With warfarin, he said, time in the therapeutic international normalized ratio range (TTR) is a proven predictor of clinical outcomes. So if a patient’s TTR is varying widely at repeated testing, “saying warfarin’s better for you doesn’t make any sense, it’s not biologically plausible. Whereas, if they’re nonadherent, and you know that, but most of the time their blood tests are okay, there’s some reason to believe they may have a net benefit,” he said, referring to the current findings.
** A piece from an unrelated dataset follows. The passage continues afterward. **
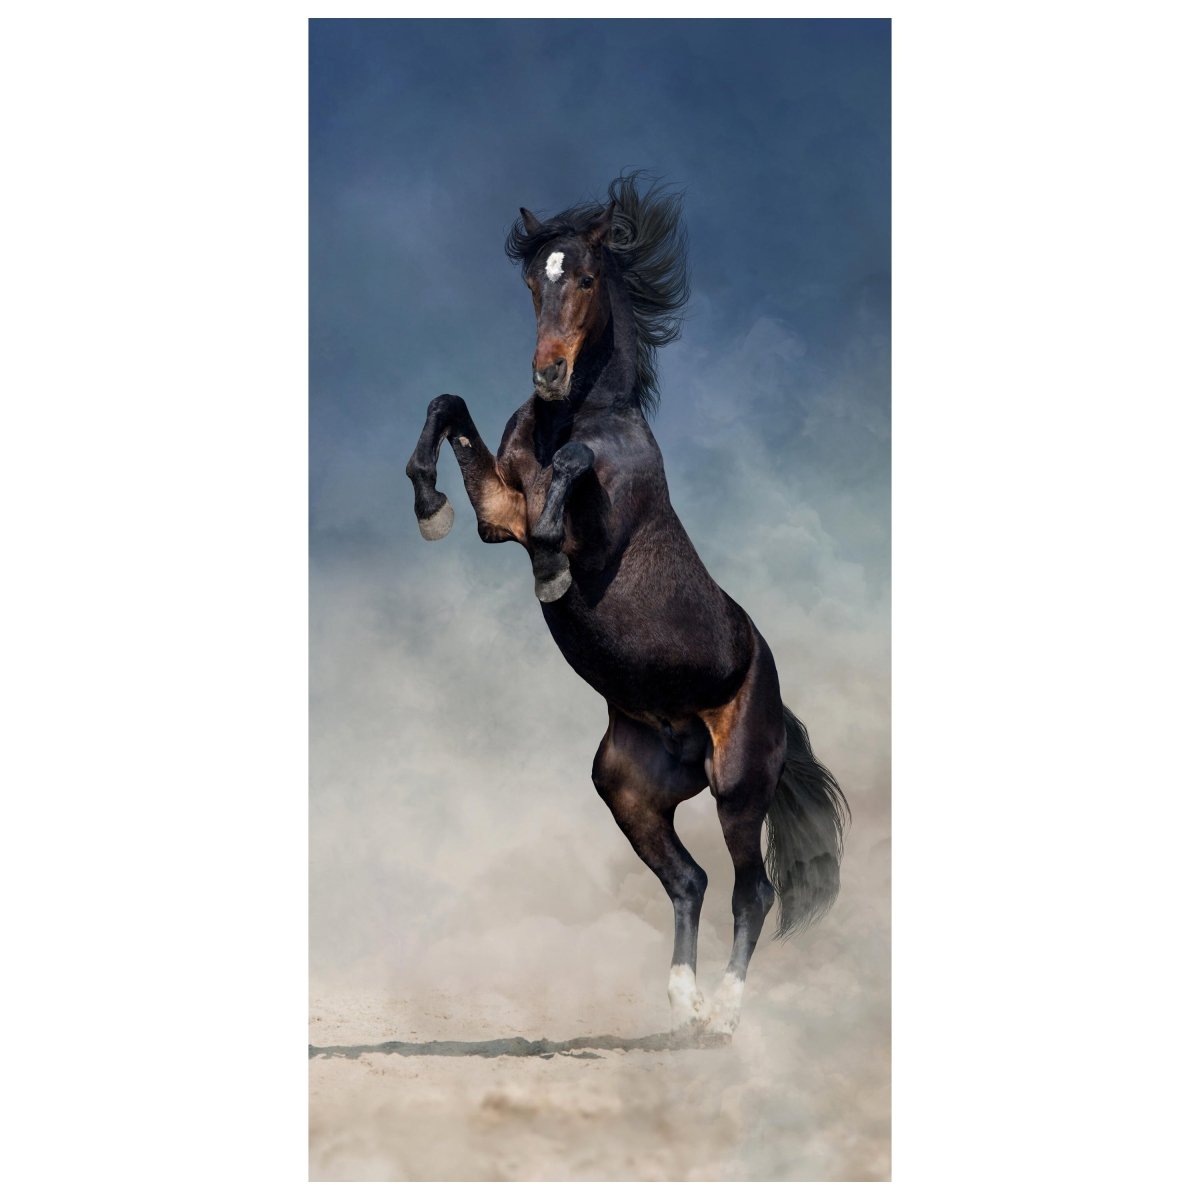 Türtapete Pferd im Sand, Schwarz, Braun, Staub M1172 - Bild 2

“And this is why I think there’s limitations to these administrative data sets, that we don’t try to make a lot of therapeutic recommendations from them.”
Also at the media briefing, Andrea M. Russo, MD, agreed that “it’s hard to make firm conclusions from something like this study.” But in the present NOAC age, selection bias may be enhancing apparent outcomes among patients getting warfarin compared to the newer drugs, said Russo, from Cooper University Hospital, Camden, New Jersey.
“I don’t think its completely out of the question that we’ve already preselected some patients who are more adherent because they were doing great all along, and nobody really said they had to switch over.”
If patients say they’re doing well on warfarin and don’t want to change their regimen, “I don’t force them to switch. So I’ve already preselected someone who might be doing well. I don’t know if that’s the case, but that’s a possibility.”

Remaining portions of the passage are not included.